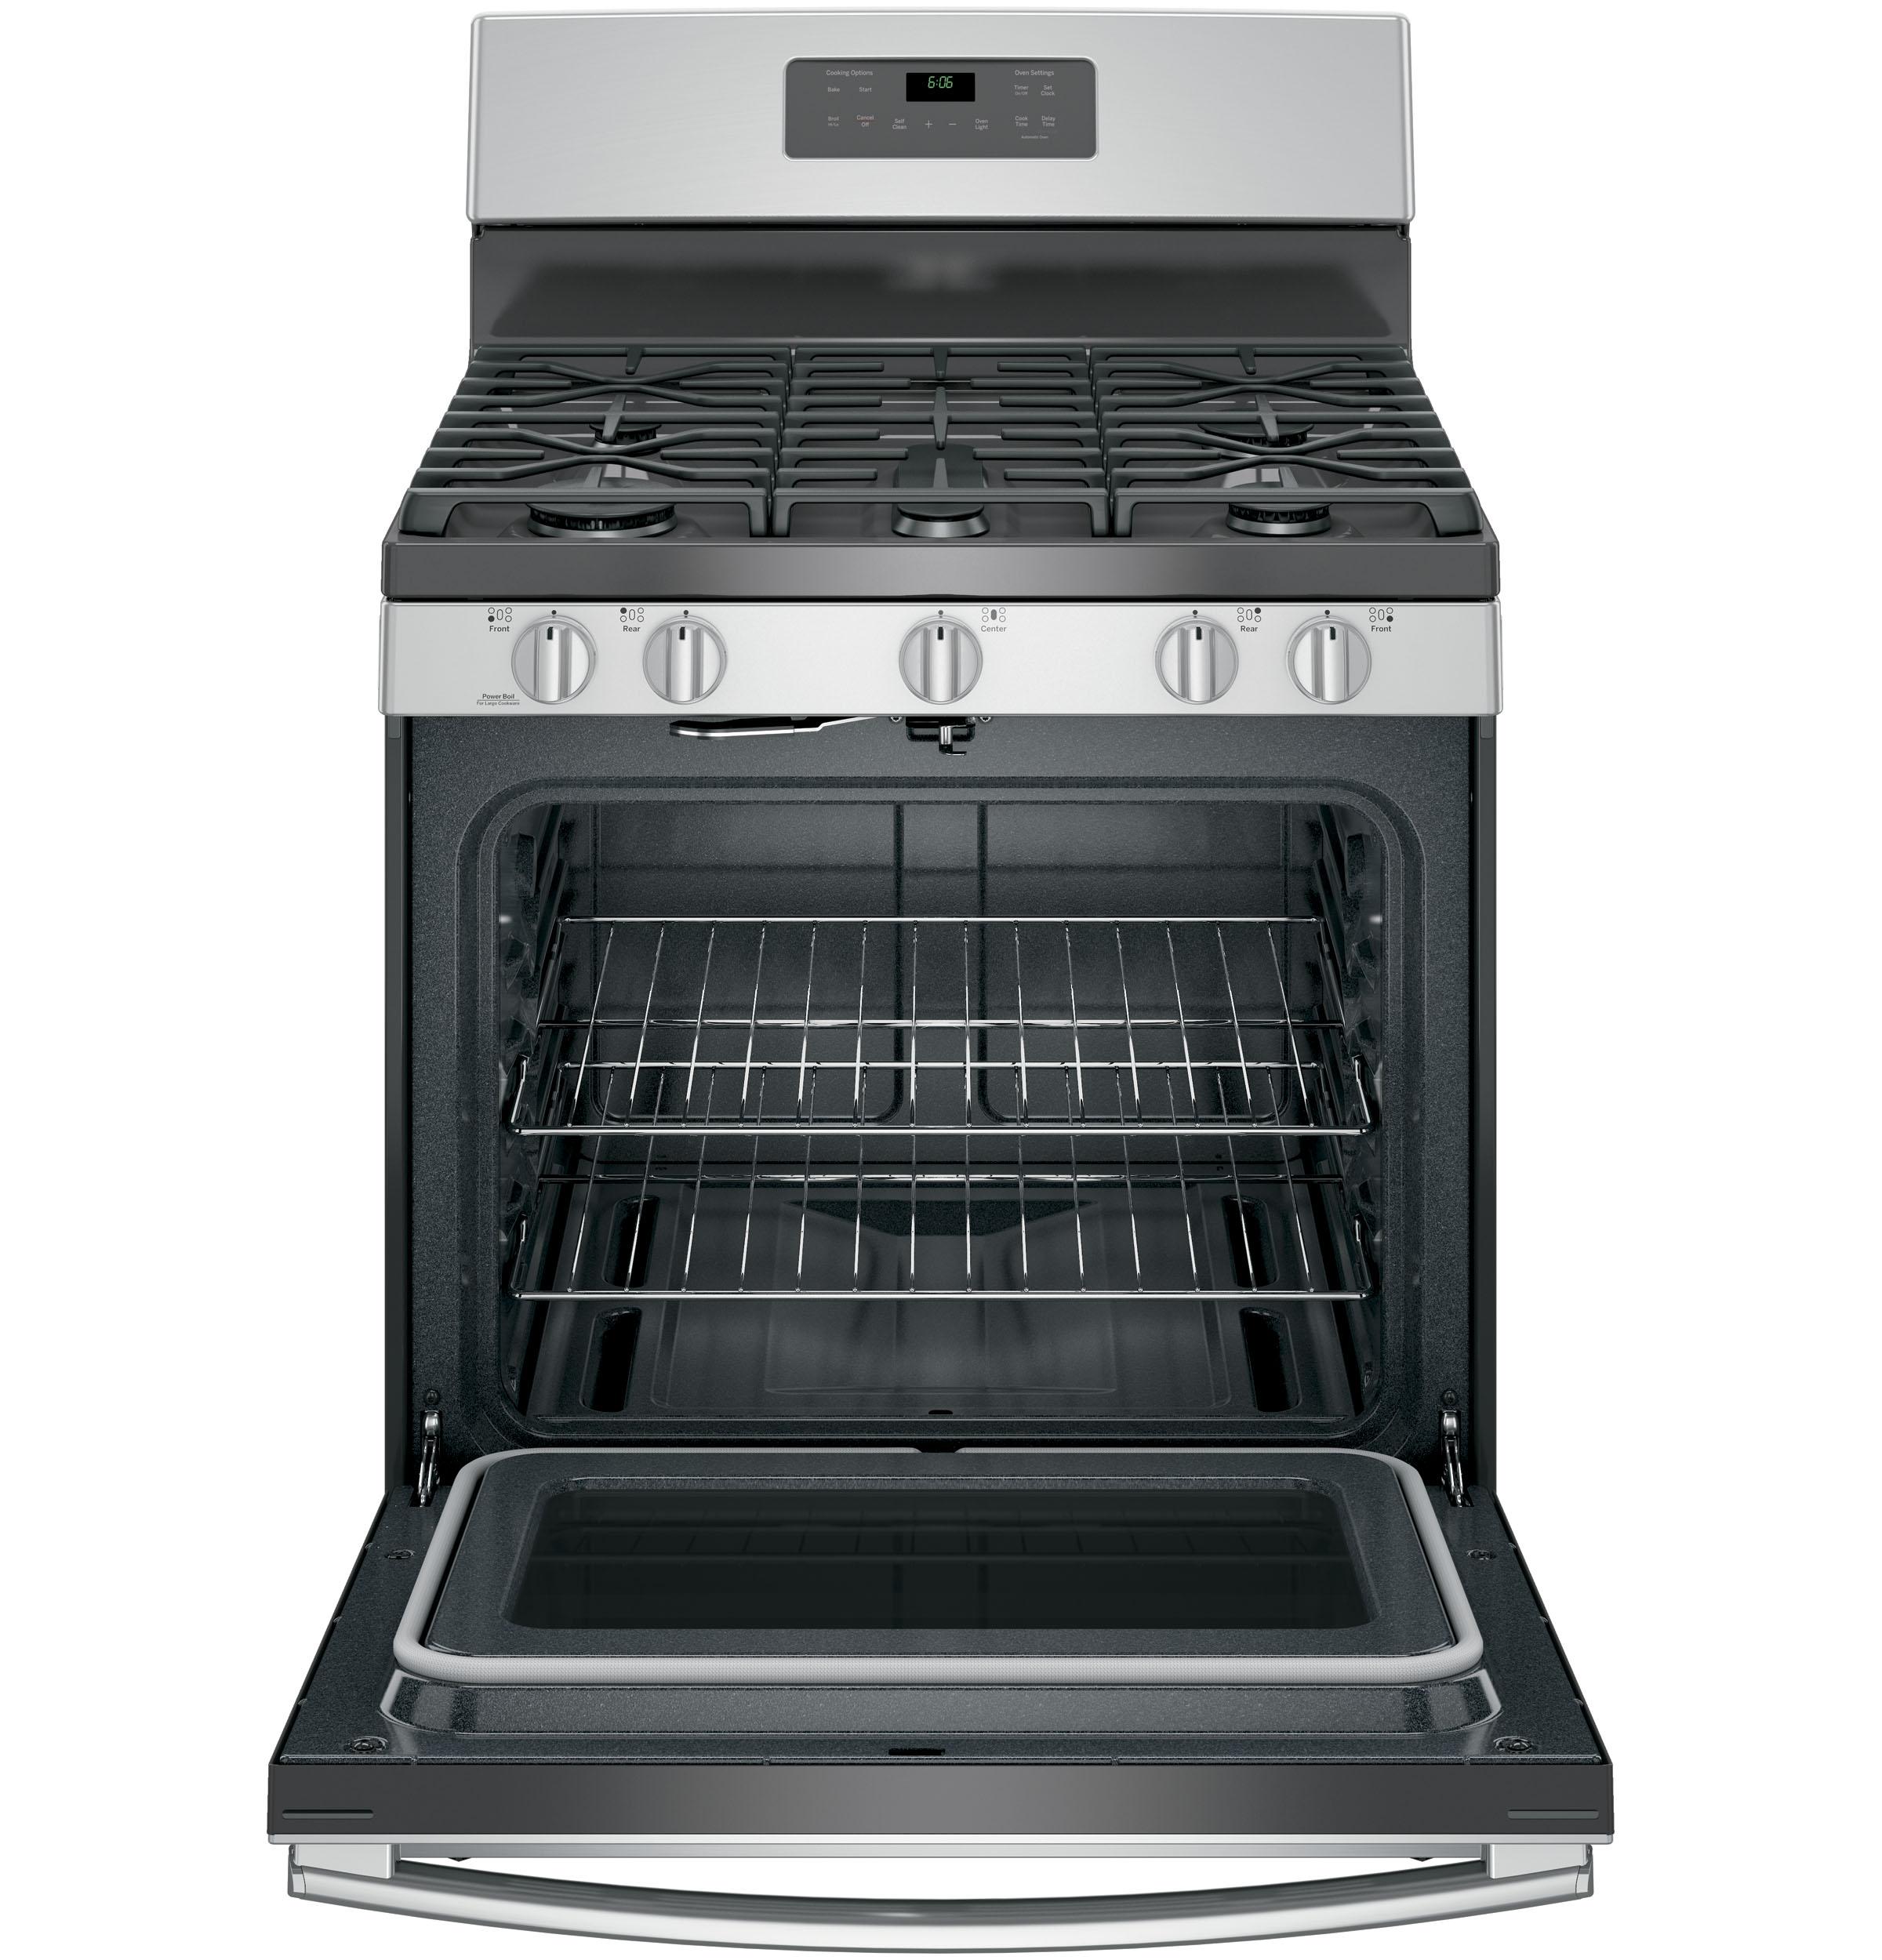 GE Appliances JGB660SEJSS 5.0 cu .ft. Freestanding Gas Range - Stainless Steel
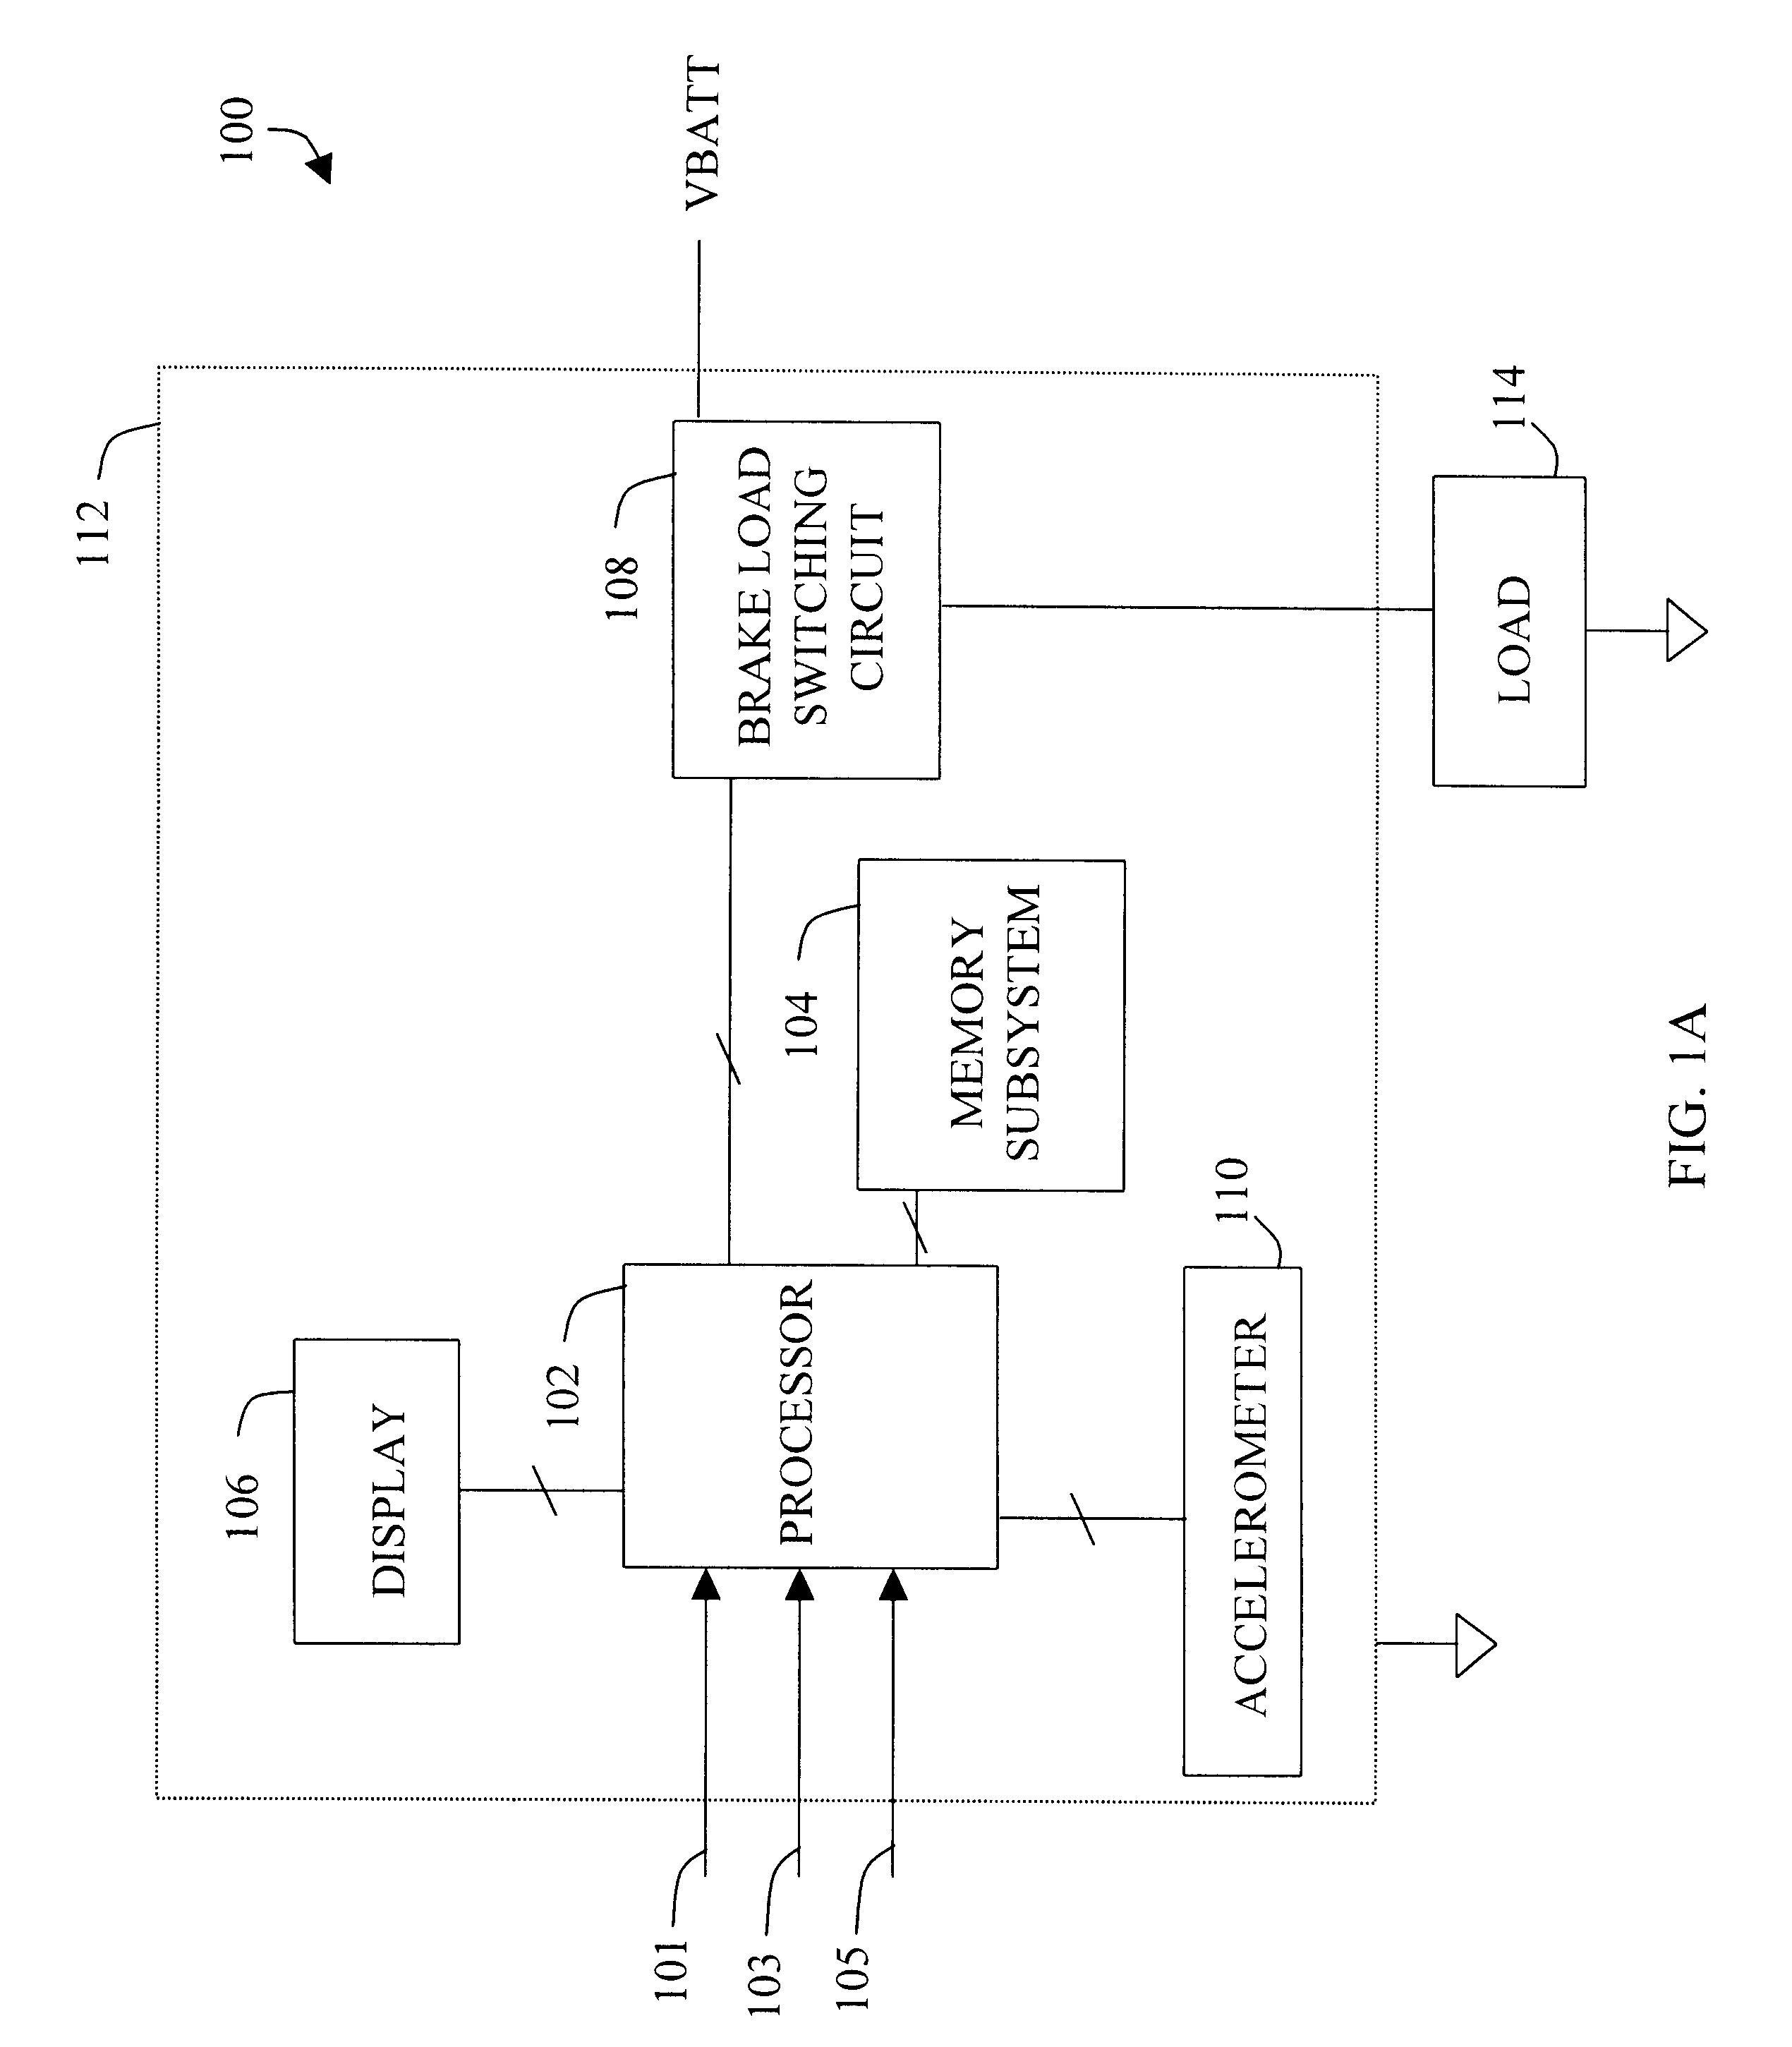 hayman reese trailer ke controller wiring diagram hayman wiring diagram
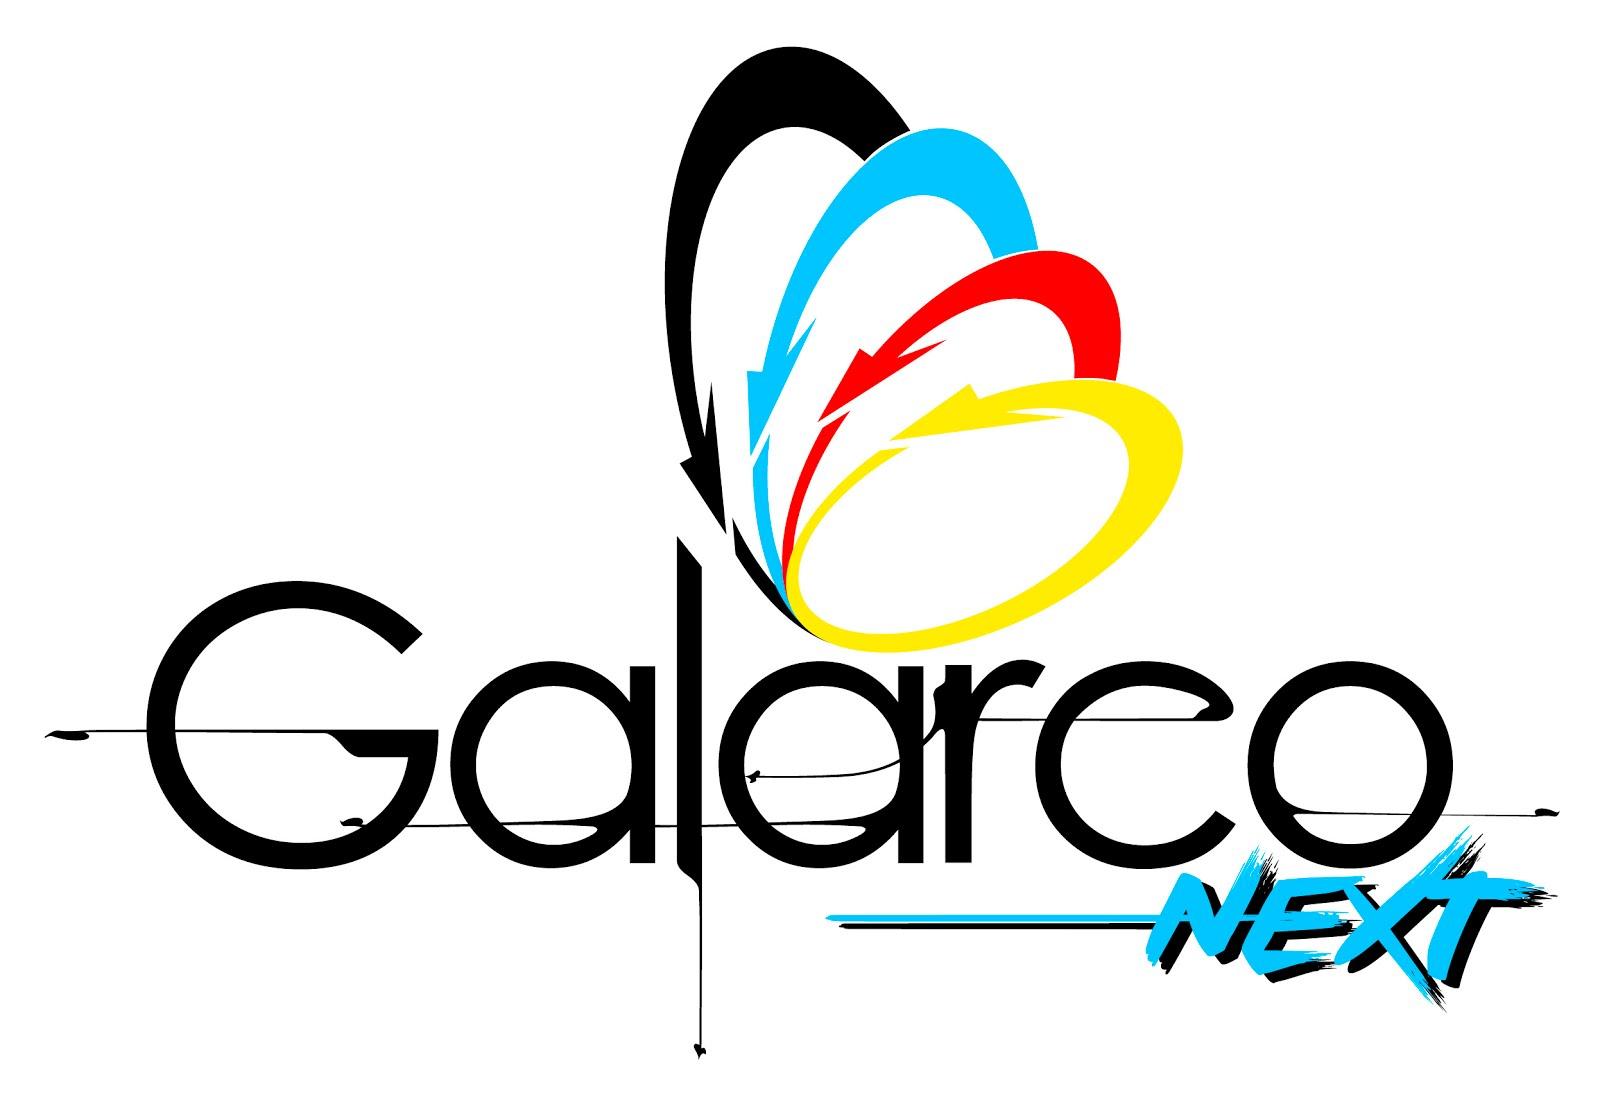 WEB DE LA LIGA GALARCO NEXT

Problem:
Return the listing above word for word, with the pictures removed.

Response area:
 GE Appliances JGB660SEJSS 5.0 cu .ft. Freestanding Gas Range - Stainless Steel
 hayman reese trailer ke controller wiring diagram hayman wiring diagram
 WEB DE LA LIGA GALARCO NEXT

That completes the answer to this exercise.